November 12th, 2013 by donnek

Eurfa will now allow you to get in-context citations for its words from the Kynulliad3 corpus. I’ve limited it to 5 at the minute, but I also want to look at doing random lookups to produce a different 5 each time.

I’m hoping to add some other corpora to Eurfa in the same way over the coming months.

I also took the opportunity of changing the AJAX search-boxes to HTML ones, because the AJAX ones had the annoying “feature” of not doing the search if you pressed Return – instead, they just cleared the searchbox.

# Autoglossing Gàidhlig

August 28th, 2013 by donnek

Over the last month I’ve been wondering about how easy it would be to port the Autoglosser to some completely new language material. This would give me the opportunity to look at things like importing normal text instead of CHAT files, dealing with multiwords (collocations where the meaning of the whole is different from the combined meaning of the parts), better handling of capitalised items, etc. Eventually I decided to take the plunge with Gàidhlig (Scottish Gaelic), which I learnt 30 years ago in Sabhal Mòr Ostaig when it was still a collection of farm buildings ….

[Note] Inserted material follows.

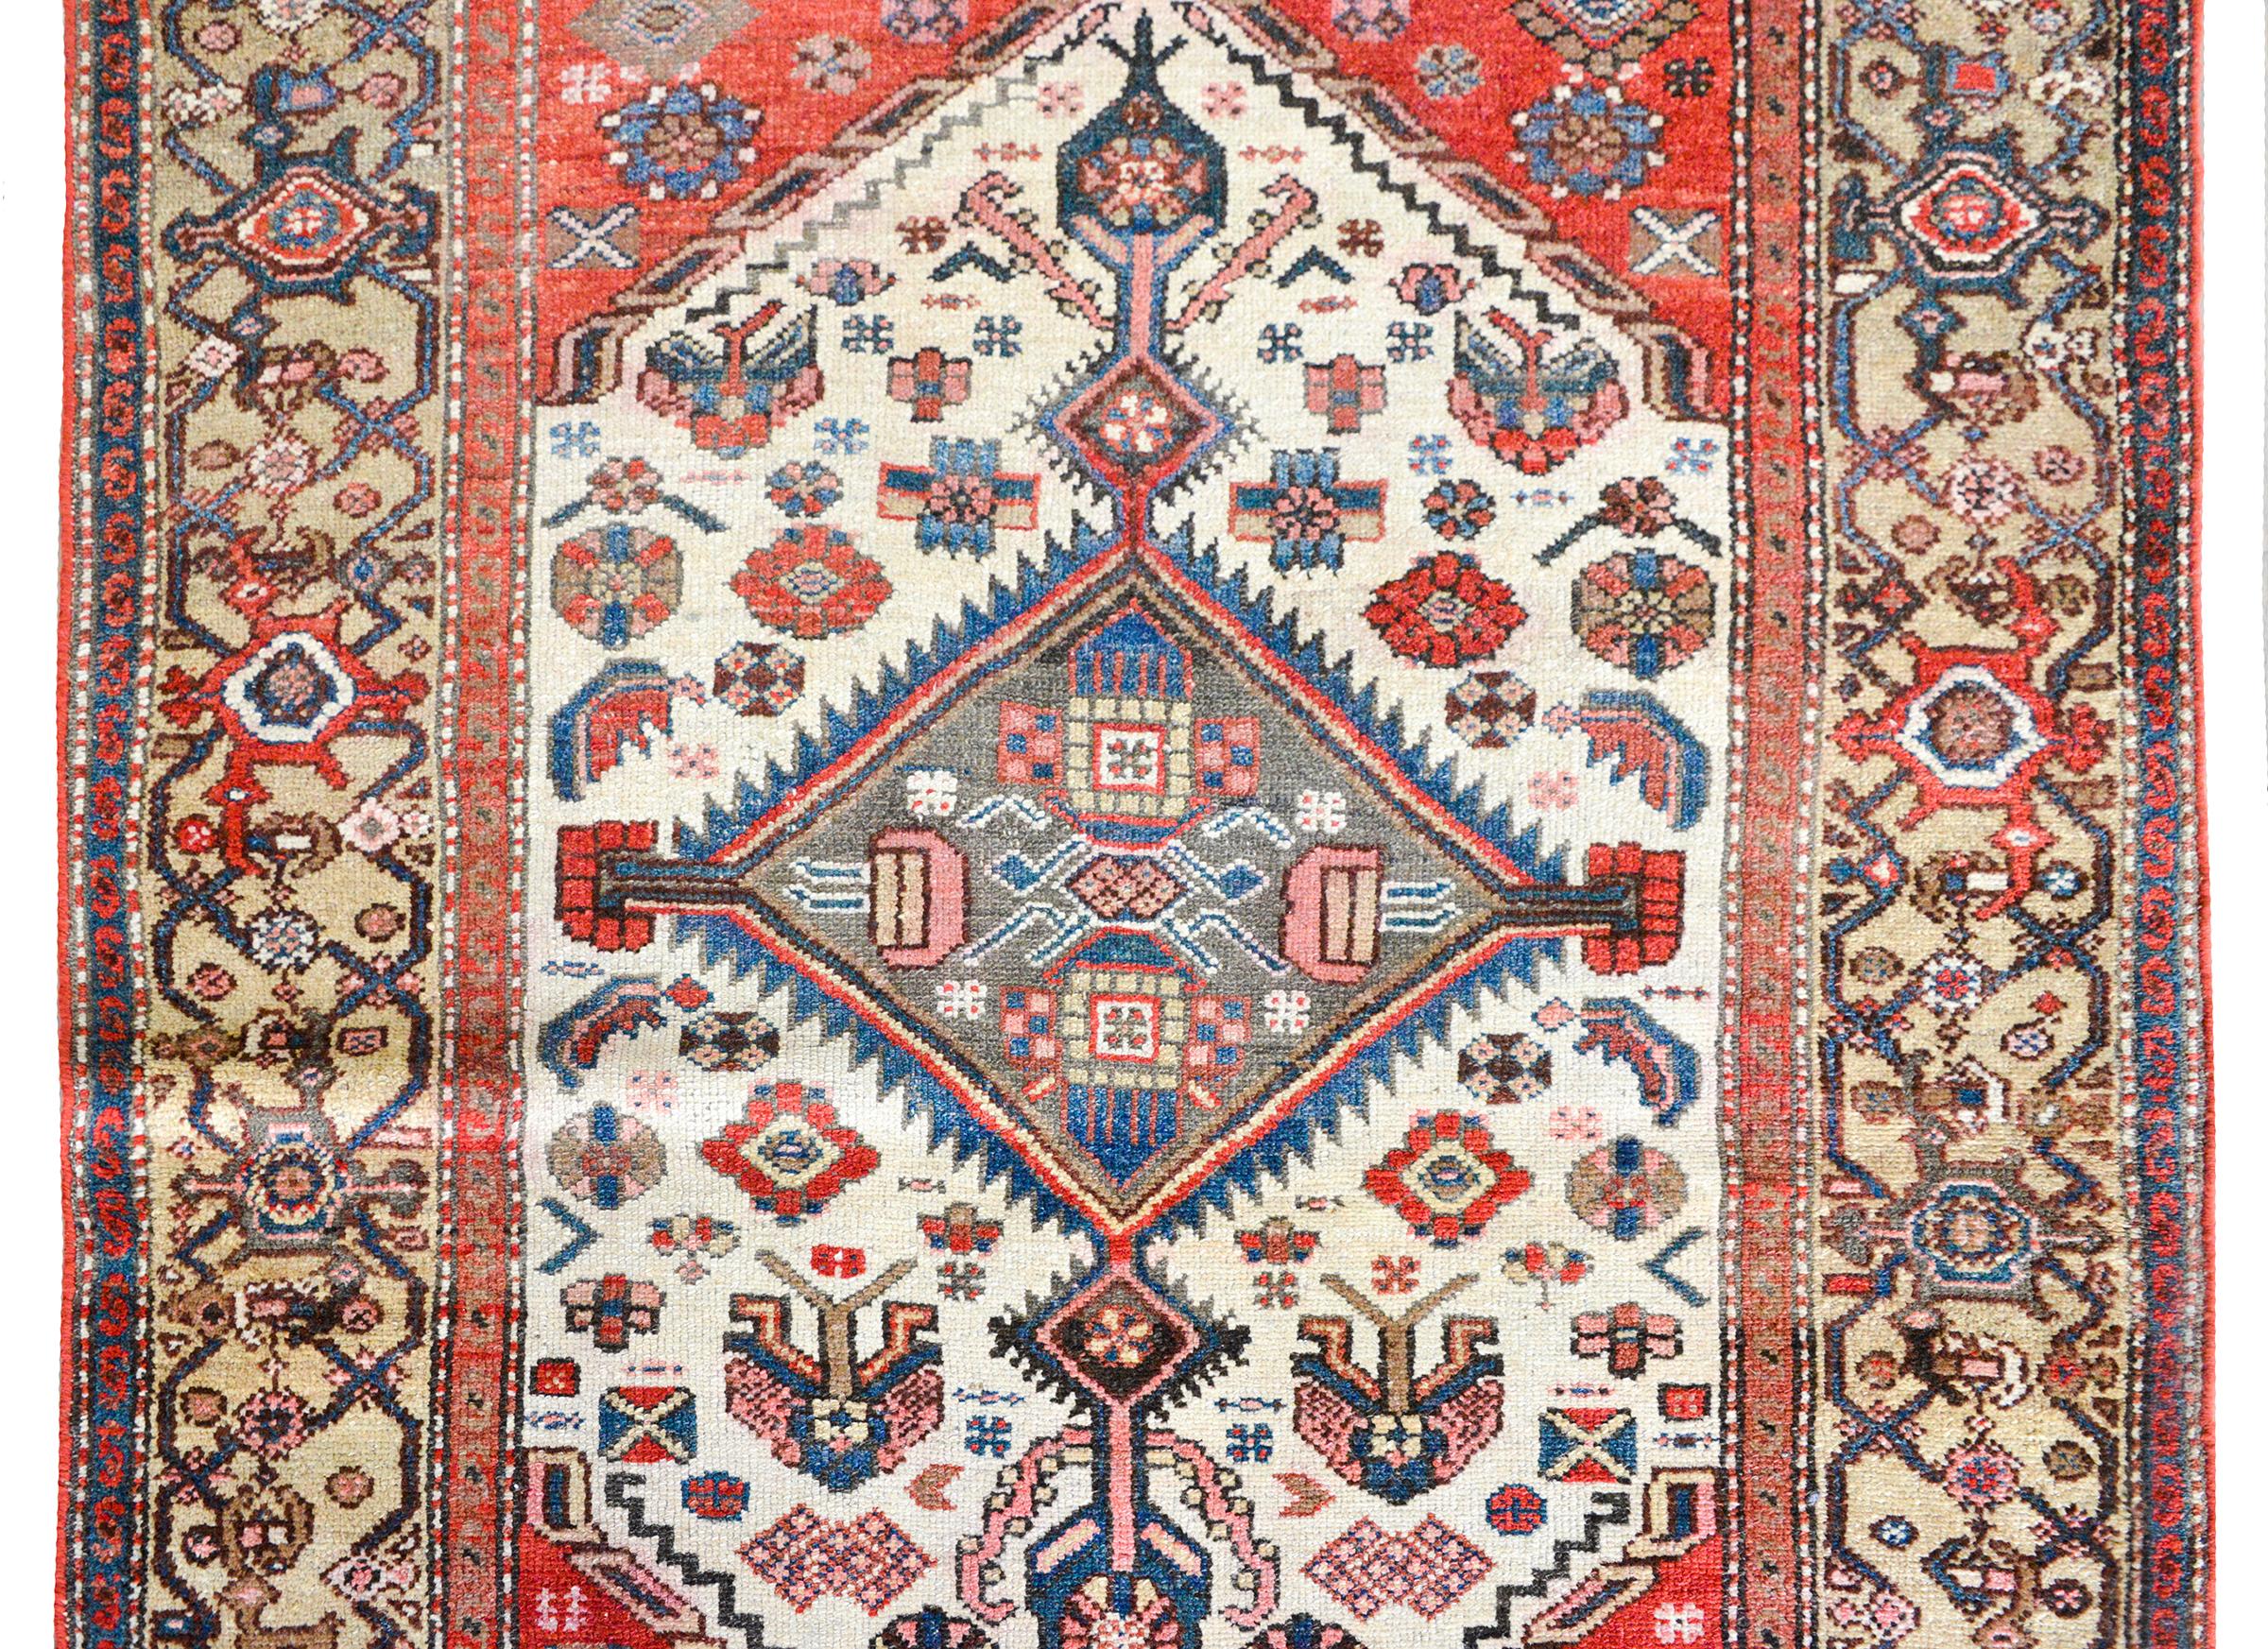 A wonderful early 20th century Persian Bakhtiari rug with a fantastic tribal pattern containing myriad stylized flowers, all woven in crimson, light and dark indigo, pink, and white, and surrounded by a wide stylized floral and scrolling vine

Surprisingly, once I had assembled a dictionary, the actual port took only a couple of days, and gives pretty good results, as you can see from the output at the website. There’s obviously a lot to be done yet – in particular, developing a stemmer to simplify the dictionary. Talking of which, I also put together a little TeX script which typesets the dictionary in the form I’ve always wanted: all words listed in alphabetical order, but with the lemma specified where they are derived forms, and also each derived word listed as part of the generating word/lemma’s own entry. Still needs a bit of work (it should be in two columns, for instance), but it shows that the dictionary layout is robust enough to give quite sophisticated output.

This port opens the way for more work on streamlining text consumption by the Autoglosser – at present, punctuation is not handled as well as I’d like. The multiword work is also a first step in allowing the handling of languages with disjunctive writing systems (eg Sotho).

# Language of first delivery

July 4th, 2013 by donnek

I’ve added some data to Kynulliad3 (it’s not in the current download, but it will be in the next one) so that the “language of first delivery” can be calculated. In the Assembly, Members can speak in either language, which is placed on the left-hand side of the Record. The translation, into English or Welsh as appropriate, then goes on the right-hand side of the Record. If we separate out those sentences which were first delivered in one language from those which have been translated from the other language, we get the following word totals:
Welsh: 879,964  /  8,865,452 (9.9%)
English: 7,916,148  /  8,775,382 (90.2%)

So about 10% of the word total in the Third Assembly used Welsh as the language of first delivery. This is a bit lower than the proportion of Welsh-speakers in Wales (19% according to the 2011 Census), but I don’t know how it relates to the proportion of Welsh-speakers in the Third Assembly (or at least the proportion who felt confident enough to use Welsh in this setting). It’s a pretty sizeable percentage, though.

July 3rd, 2013 by donnek

I’ve just released Kynulliad3 – a corpus of aligned Welsh and English sentences, drawn from the Record of Proceedings of the Third Assembly (2007-2011) of the National Assembly for Wales. It contains over 350,000 sentences and almost 9m words in each language, and is a sort of sequel to Jones and Eisele‘s earlier PNAW corpus.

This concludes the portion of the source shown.